What Obama Believes About God

Nashville evangelical writes book, draws death threats

By Jeff Woods

Published on August 20, 2008 at 8:45am

Ominous messages started arriving in Stephen Mansfield's inbox the moment it became known that he'd had the audacity to write a sympathetic book about Barack Obama's religious faith.

"I got death threats, oh yeah," says Mansfield, a conservative evangelical author who lives in downtown Nashville. "Some folks said, 'You need to be careful because you may not be alive by the election if you keep this up.' "

Mansfield, a former pastor, got another taste of conservative ire when he went on Fox News' Hannity & Colmes show this month as his book, The Faith of Barack Obama, was coming out.

Sean Hannity, the show's combative co-host, went after his guest on the topic of the Rev. Jeremiah Wright, Obama's now-famous former minister.

Mansfield, who defends Wright in his book as "brilliant, angry, successful and unapologetic," writes extensively about Chicago's Trinity United Church of Christ. He concludes that in addition to certain controversial elements of black liberation theology—dropping A-bombs on Japan were "massacres of a people of color by a white nation," for instance—the church offers the "born-again, new birth, blood-washed, Spirit-empowered Christianity" familiar to evangelicals everywhere (even if there is a picture of a black Jesus hanging in the lobby).

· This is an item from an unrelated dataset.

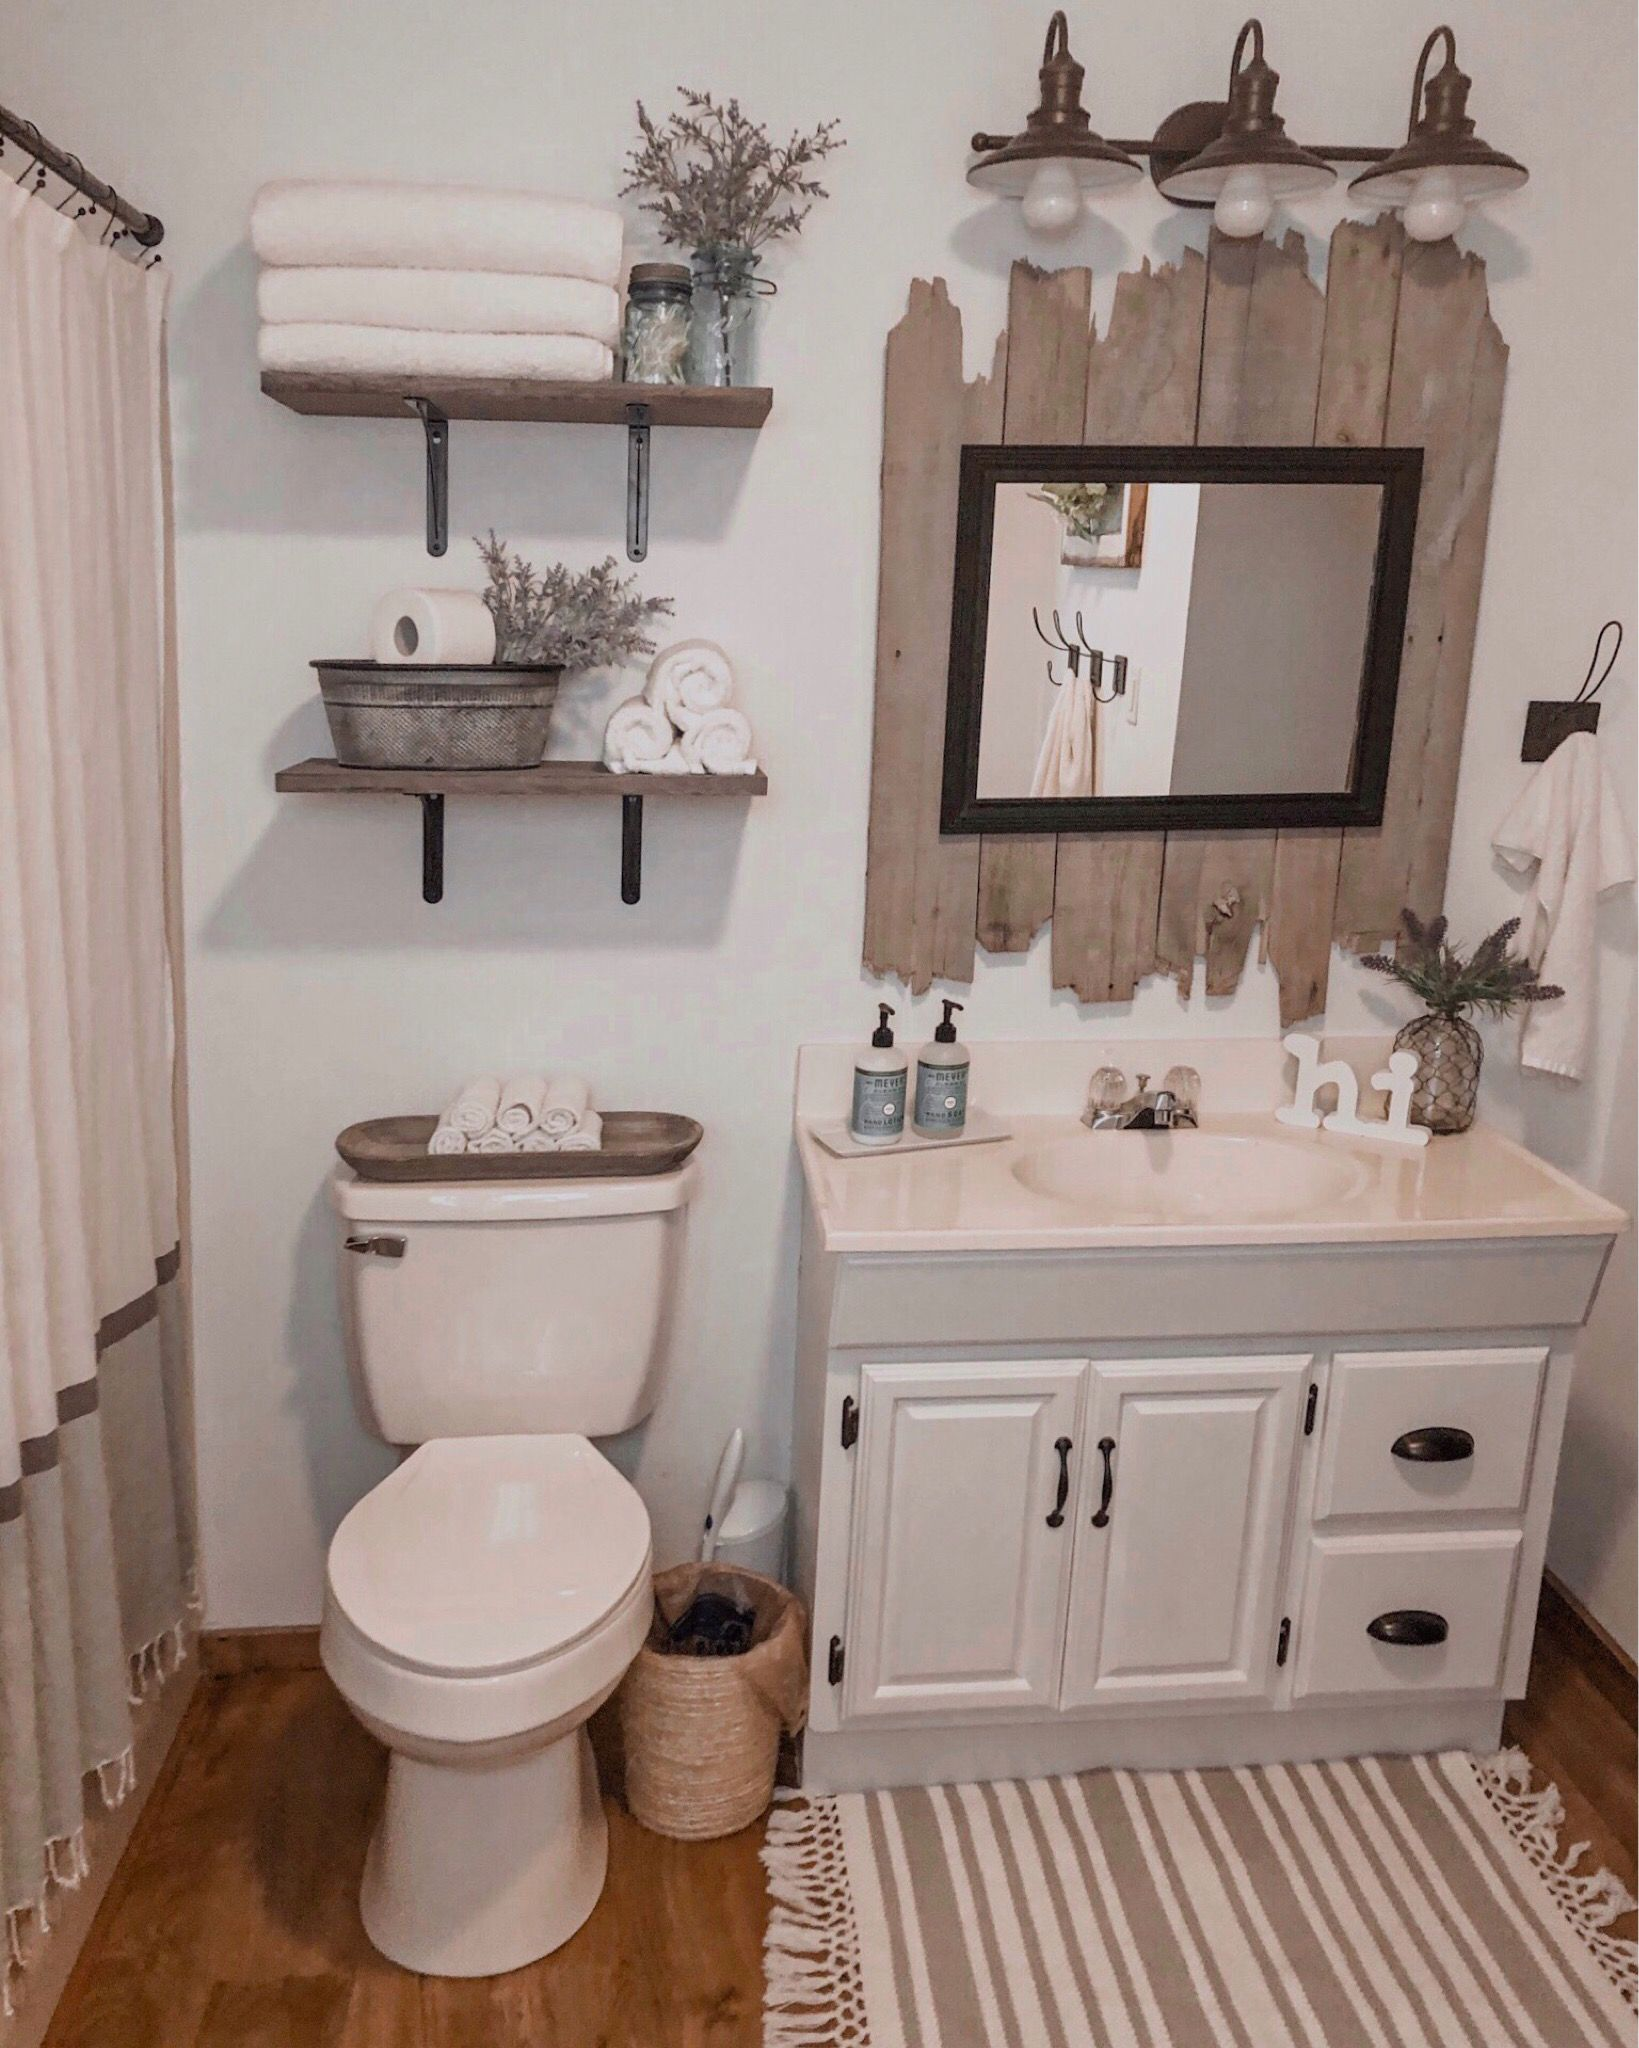 Farmhouse Bathroom Bathroom Decor Rustic Bathroom Rustic
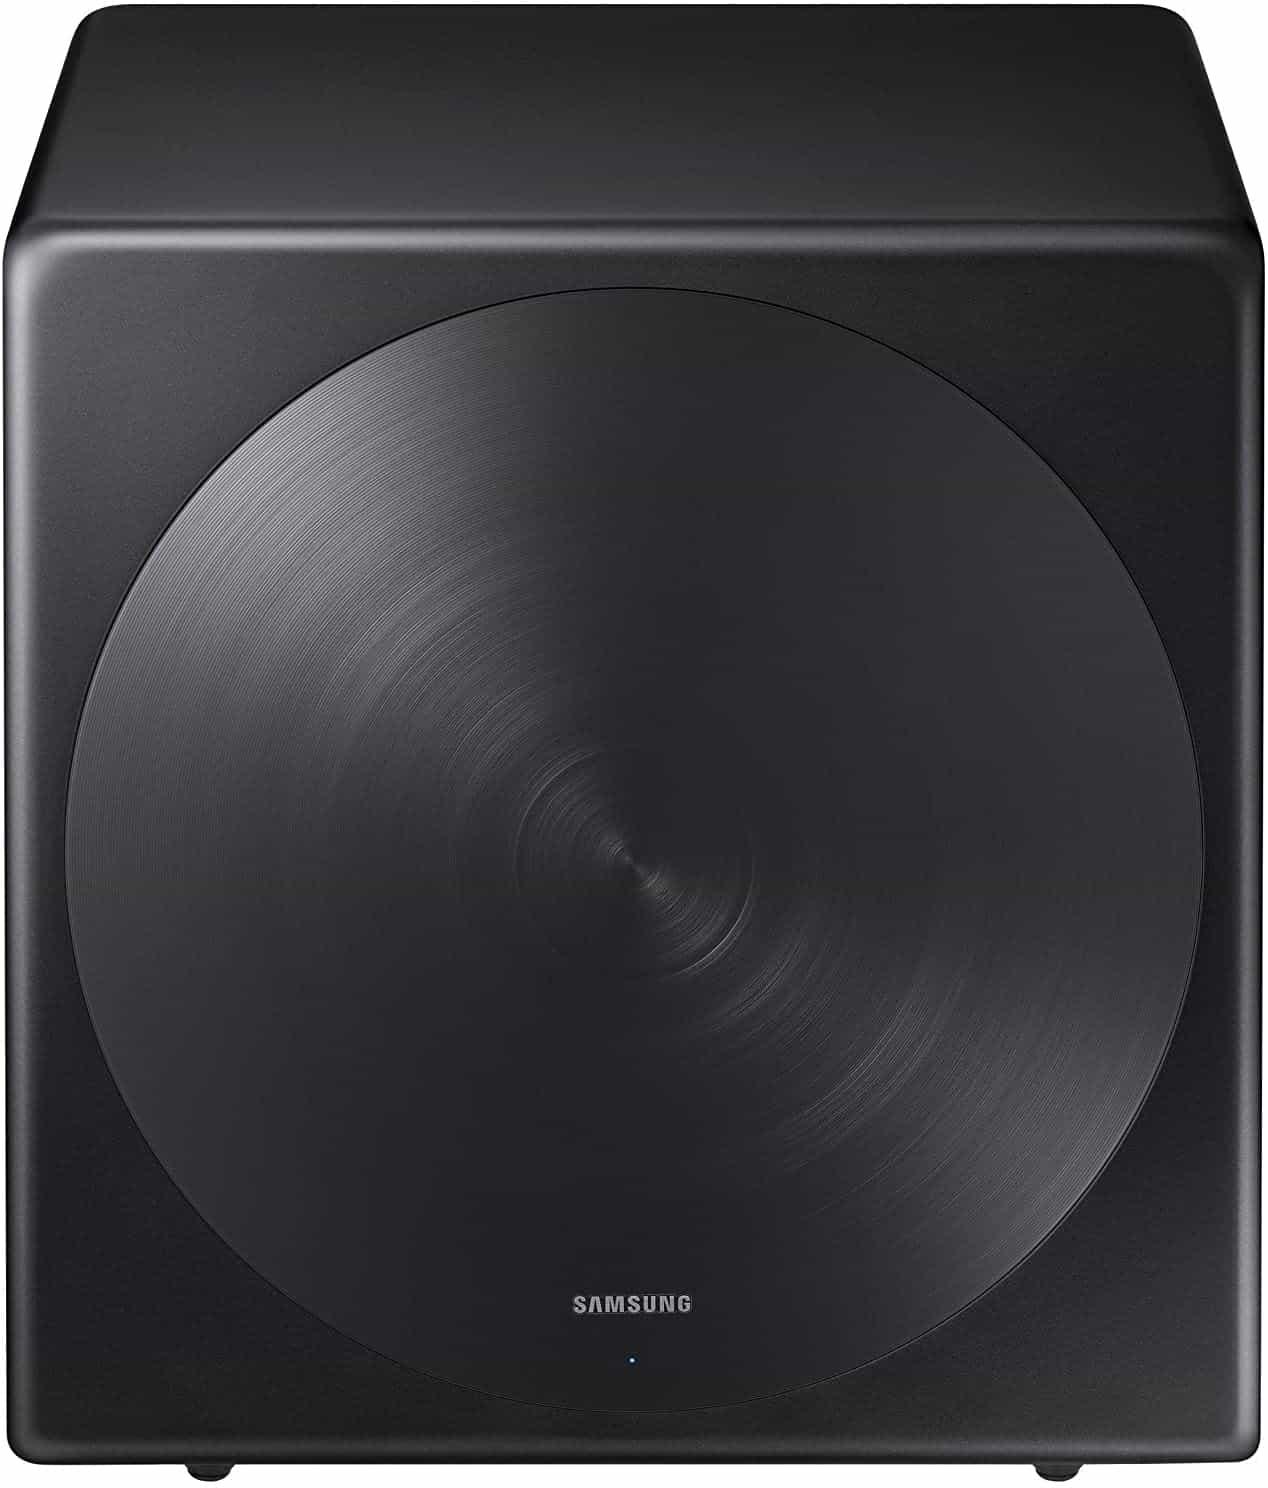 Samsung Sound+ SWA-W700 Wireless Subwoofer

On Hannity & Colmes, Mansfield had just finished dismissing claims that Obama ever was a Muslim and describing Obama as "a serious Christian," when Hannity pounced.

Hannity: Steve, is it possible to sit in the pews for 20 years and not know where Rev. Wright is coming from?

Mansfield: I don't think so. I don't think so.

Hannity: So he [Obama] probably lied to us?

Mansfield: No, I don't think he lied to us. I think that there's a mixture ...

Hannity: OK. He said, "That's not the man I knew."

Mansfield: Well, I don't know about you, Sean, but I've sat in churches and listened to pastors and sometimes been surprised by the things that...

Hannity: Chickens coming home to roost. G.D. America. Have you ever sat in a church that said that?

Mansfield: I've never sat in a church like that. But let me say this...

Hannity: He didn't condemn him, even after he said that.

Mansfield: Well, no he—he did, actually.

It went on from there. Mansfield, who says he's a friend of Hannity's, laughs about it now. "You know how it is, it's political entertainment," he says in a Scene interview. "Hannity just hates Obama so much. He's not happy that I would say anything kind about him at all."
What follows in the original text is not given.